Under terms, Navka must finish the job within 150 days of the contract’s execution. Since the groundbreaking, workers have been busy converting the former building’s foundation into its new use.
“The area had businesses in East Rutherford before there were even cars,” said the mayor. “Now we want to make it easier for people who have cars to do business with our local merchants.”
In an e-mail, John Giancaspro, executive assistant to the mayor and council, wrote that enforcing time constraints is still a policy call the council must iron out. The borough has no metered parking.
“Planned enforcement and constraints have been discussed preliminarily,” he wrote, “but nothing is finalized. Before the facility is completed and opened to the public, it is likely the council will adopt an ordinance regulating the use of the facility and any constraints.”
Elected officials have already complained that New York-bound bus and train commuters, from other communities, gobble up on-street parking. On parts of Union Avenue, near the Rutherford Train Station, it imposed restrictions last year aimed at curbing this practice.
Cassella assured the location was carefully thought out, once the municipality bought property from the owners of the former bar and restaurant tract for roughly $1.4 million. Workers cleaned out the former building in late 2007; it was demolished for $112,500 early in the spring of 2008.
Borough officials had complained the former business, a popular night spot, was a constant source of complaints and noise, which will be eliminated with the new use.
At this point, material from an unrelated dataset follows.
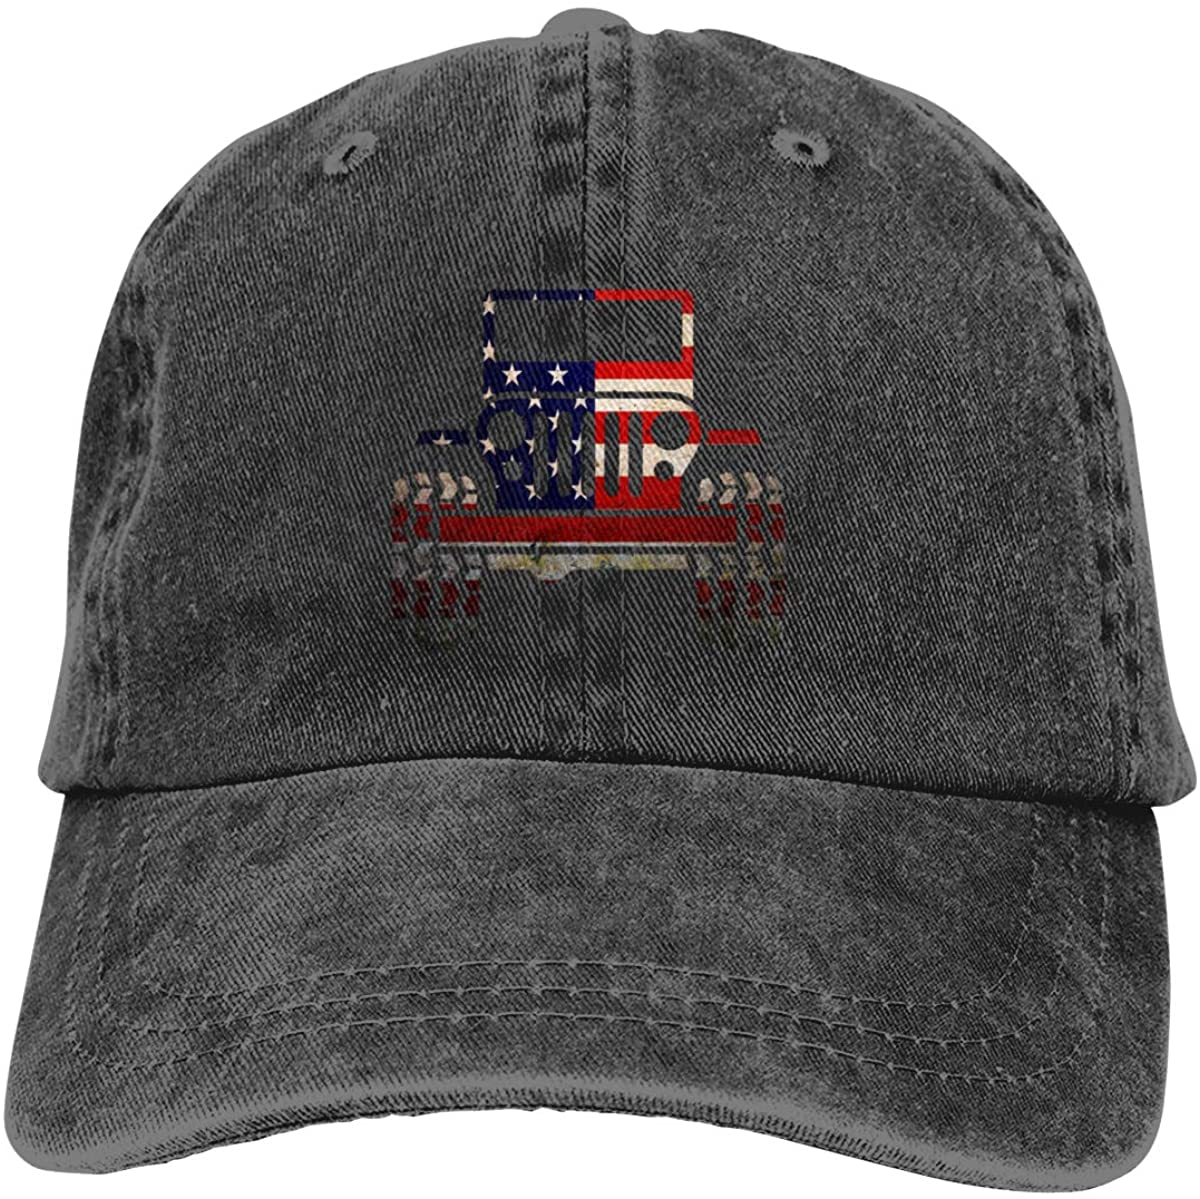 American Flag Car Dad Vintage Baseball Cap Denim Hats Adjustable Men

At the borough council’s Nov. 16 meeting, the mayor even opposed granting the former site’s owners a “pocket,” or inactive, liquor license, which state law lets them continue holding for possible transfer, even though the business has essentially disappeared.
The council unanimously extended the non-operational license for a year. This, after Borough Attorney Richard Allen advised not doing so could expose it to potential “aggressive litigation” in the interim. Allen said officials could still block reactivating the license in the future.